# My rats won't sleep in the ferret hammock I got them?



## Nijidoragon (Sep 7, 2014)

I bought a ferret hammock and put it in their cage but they prefer to sleep in a hard plastic tube ?? They even chewed through one of the straps !


----------



## ksaxton (Apr 20, 2014)

Some rats just don't like hammocks, mine refuse to use theirs either. Get used to the chewing lol, nothing lasts long with rats


----------



## Nijidoragon (Sep 7, 2014)

I just don't understand how they would prefer a hard plastic surface over a nice fuzzy hammock 0_0


----------



## ksaxton (Apr 20, 2014)

There are rats who prefer to sleep in the litter box over any of the nice stuff


----------



## Rayne333 (Aug 29, 2014)

My kids like the litter box and they have several nice fluffy hammocks slings tubes to sleep in, but lately if I catch them in the litter I move them I hope they get the idea.


----------



## sarah424 (Sep 11, 2014)

I ended up taking the hammocks down and using them as something soft for them to lay on in their igloo, since they threw out all of the cotton I put in there for them!
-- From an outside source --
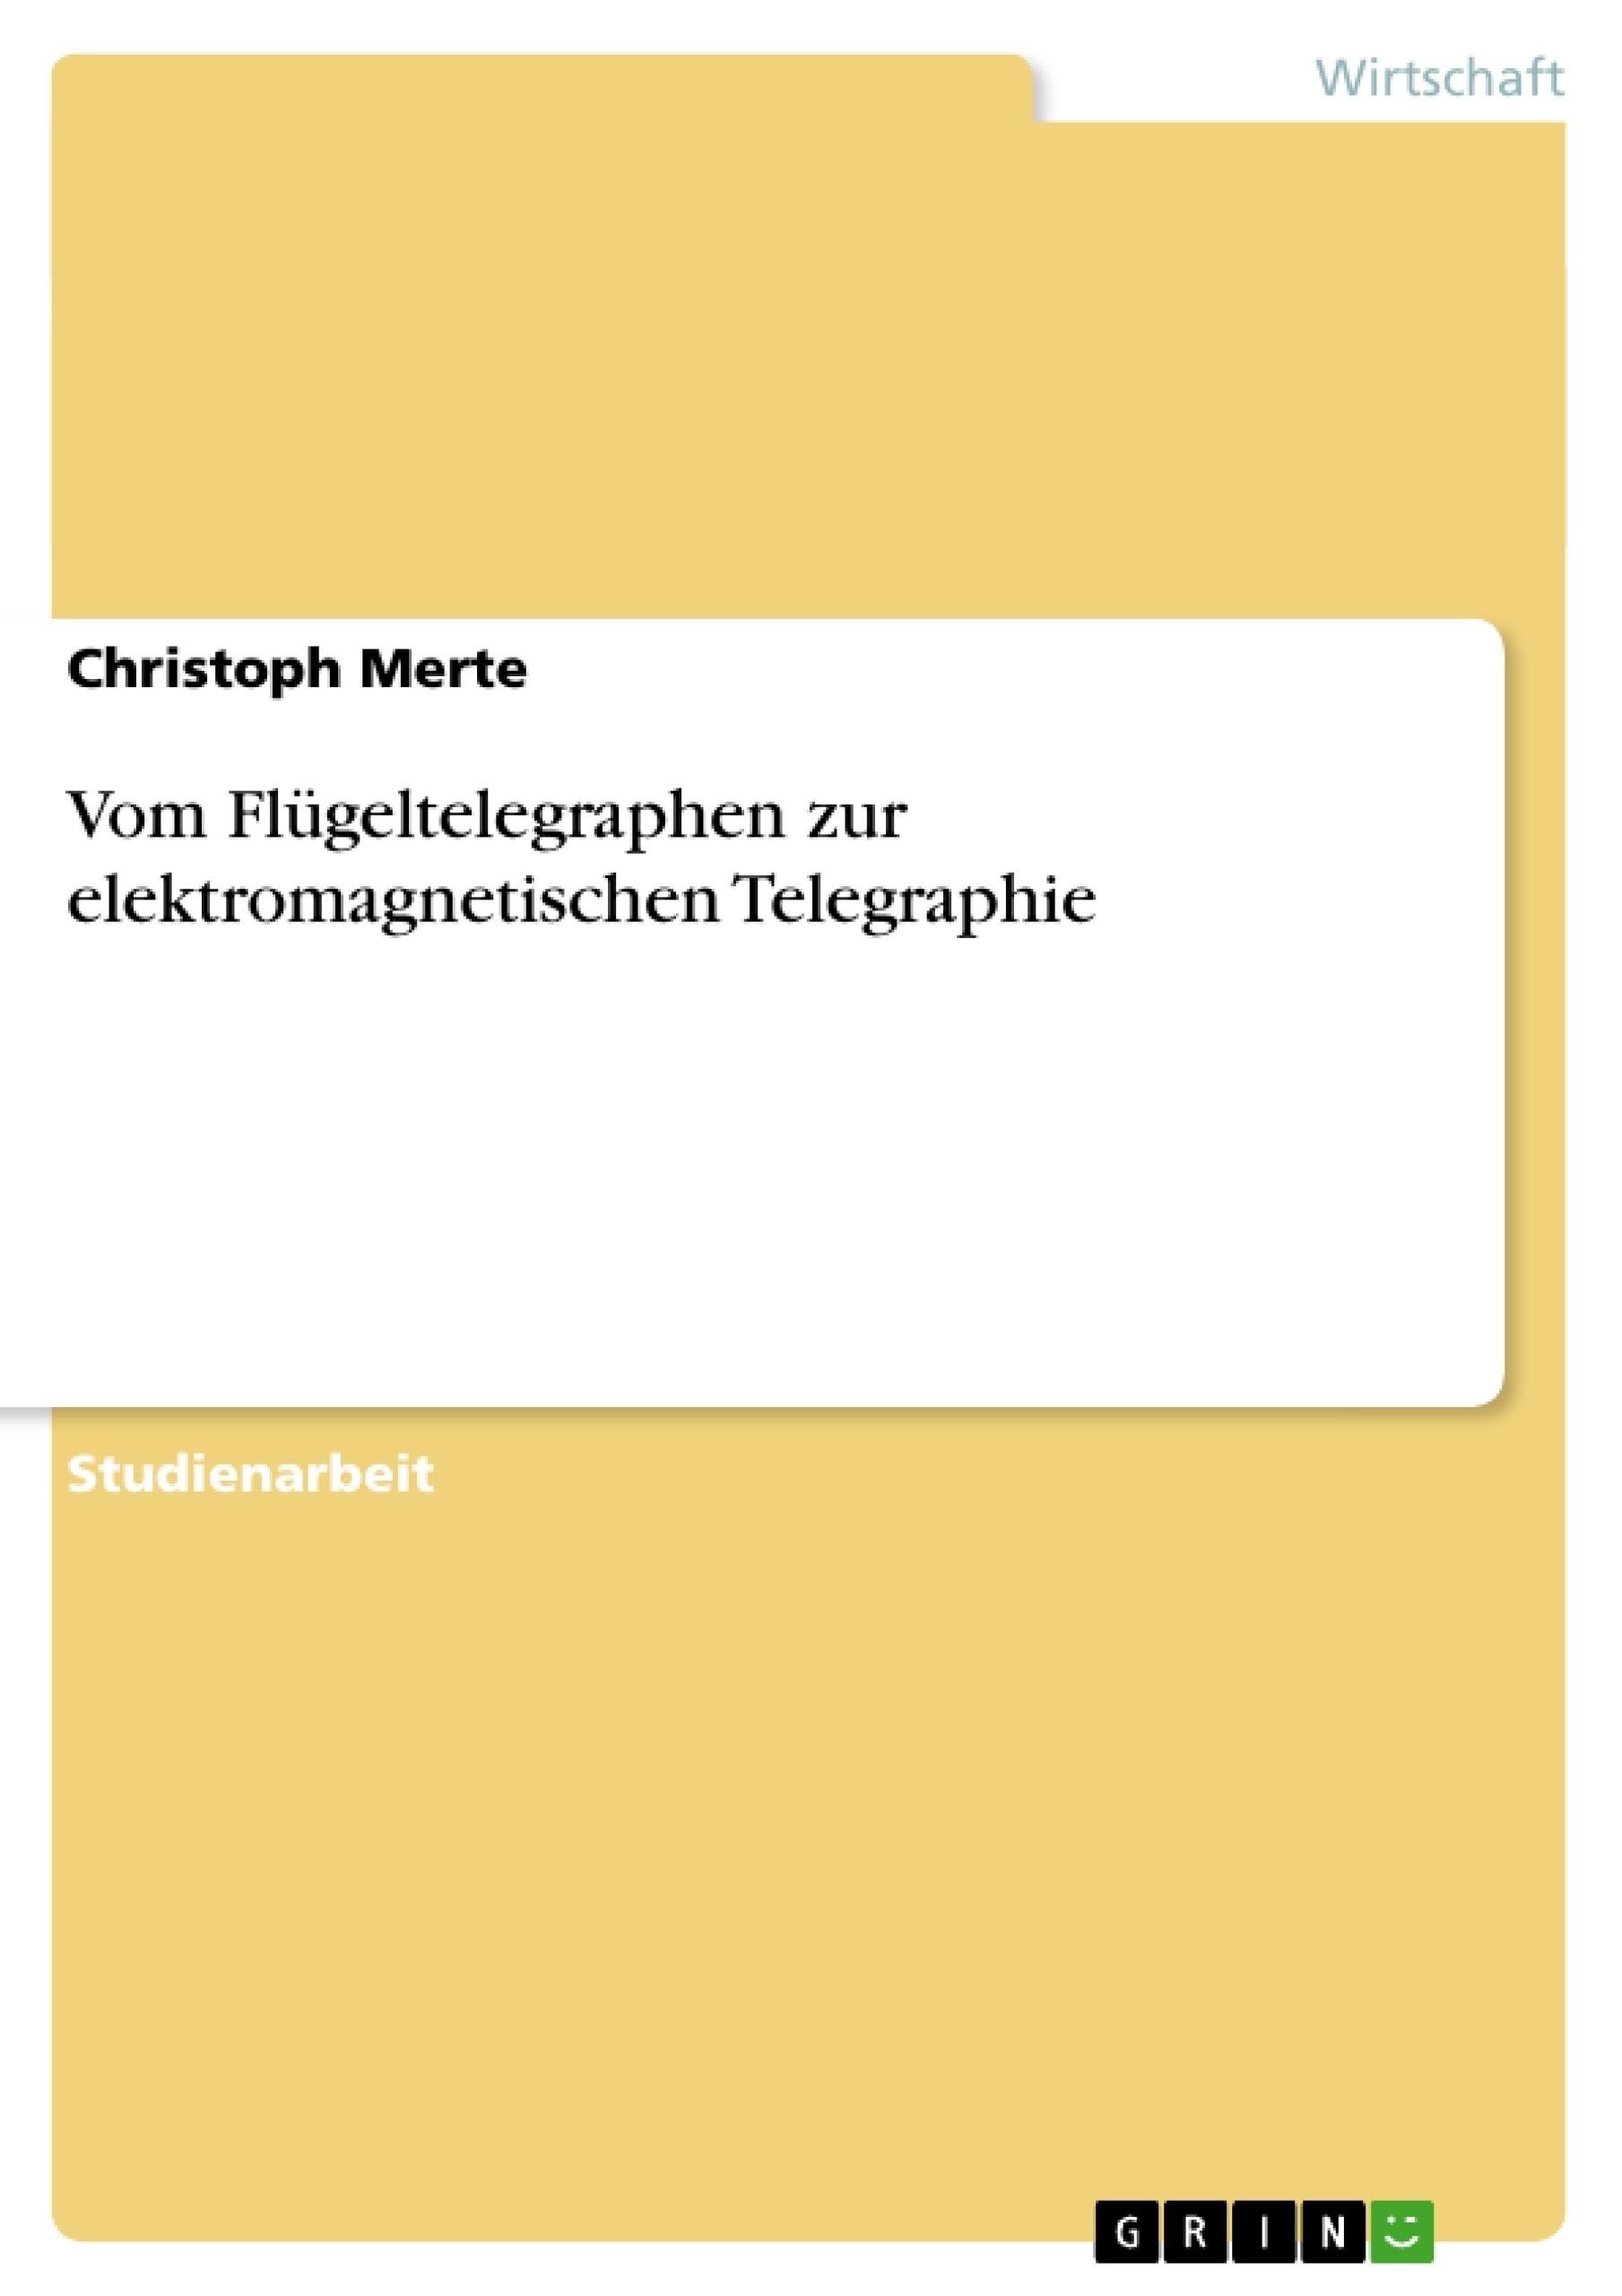 Titel: Vom Flügeltelegraphen zur elektromagnetischen Telegraphie
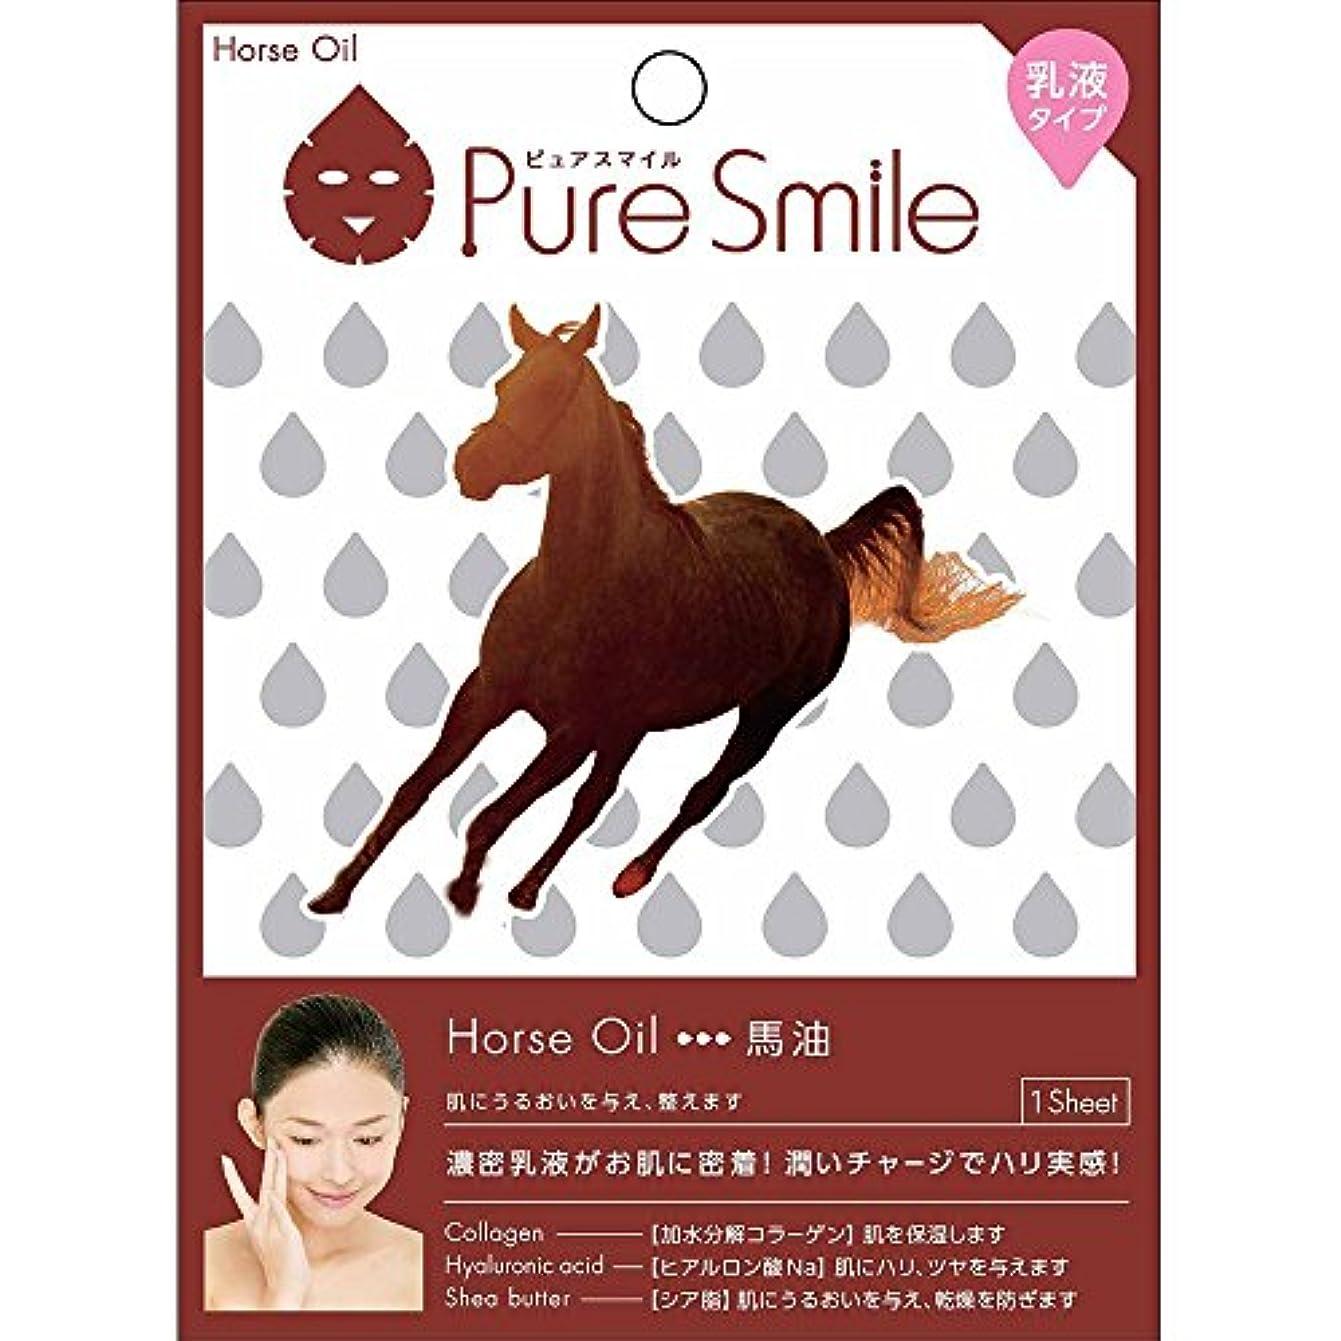 努力輸送差別するPure Smile/ピュアスマイル 乳液 エッセンス/フェイスマスク 『Horse oil/馬油』

They also prefer to sleep in their tube, but now they switch from tube to igloo. They never once went into the hammock of their own free will, I put them in it and they hopped right out!


----------



## Hedgian (Aug 18, 2014)

One of my rats loves the hammock, it's where he sleeps most of the time. But the other just ignored it completely.


----------



## Cyrix (May 2, 2014)

Nijo, just a tip because you make a lot of threads like this and it probably takes up a lot of your time - every rat has its own personality and likes different things. If you get your rat a toy and they don't use it, it just means they personally aren't interested in it. Do you like every single shirt ever made? If your parents got you a toy or some clothes you didn't like and you didn't use them much, they probably wouldn't need to ask on a parenting forum about it, right? Just something to keep in mind, next time your rats don't use something you can think "ok I learned something new about what they like!" and save yourself some effort! It's fun learning all the unique things about your rat!


----------



## Kitterpuss (May 9, 2014)

I noticed you had put some pics of your cage set up in another thread and you have your hammock hung low to the floor of your cage. If you haven't already, try hanging it from the roof of your cage. Rats like to be high up in hammocks. Mine wouldn't touch the hammocks that I had hung lower in my cage, but they love the one right at the top.


----------



## Adeliek (Jul 28, 2014)

I have a rat that will sleep anywhere but in a bed. Under the stairs, next to the litter box, behind the litter box, on the cold hard metal shelves, under the fleece liners, on the wooden shelves etc etc. A nice warm snuggly hammock? No chance. Some rats are just weird


----------



## Zabora (Jun 8, 2014)

Shakespeare hates hammocks. He however loves his hard sputnik and loves to curl up under his cardboard hut with a blanket or two. I dont force him to use the hammocks in his cage. If they dont like it then they dont like it. Nothing you can do about it. It could also be that they are hot and like to sleep on the cool plastic. You might want to try a cooling stone in their cage.


----------



## Cyrix (May 2, 2014)

Kitterpuss said:


> I noticed you had put some pics of your cage set up in another thread and you have your hammock hung low to the floor of your cage. If you haven't already, try hanging it from the roof of your cage. Rats like to be high up in hammocks. Mine wouldn't touch the hammocks that I had hung lower in my cage, but they love the one right at the top.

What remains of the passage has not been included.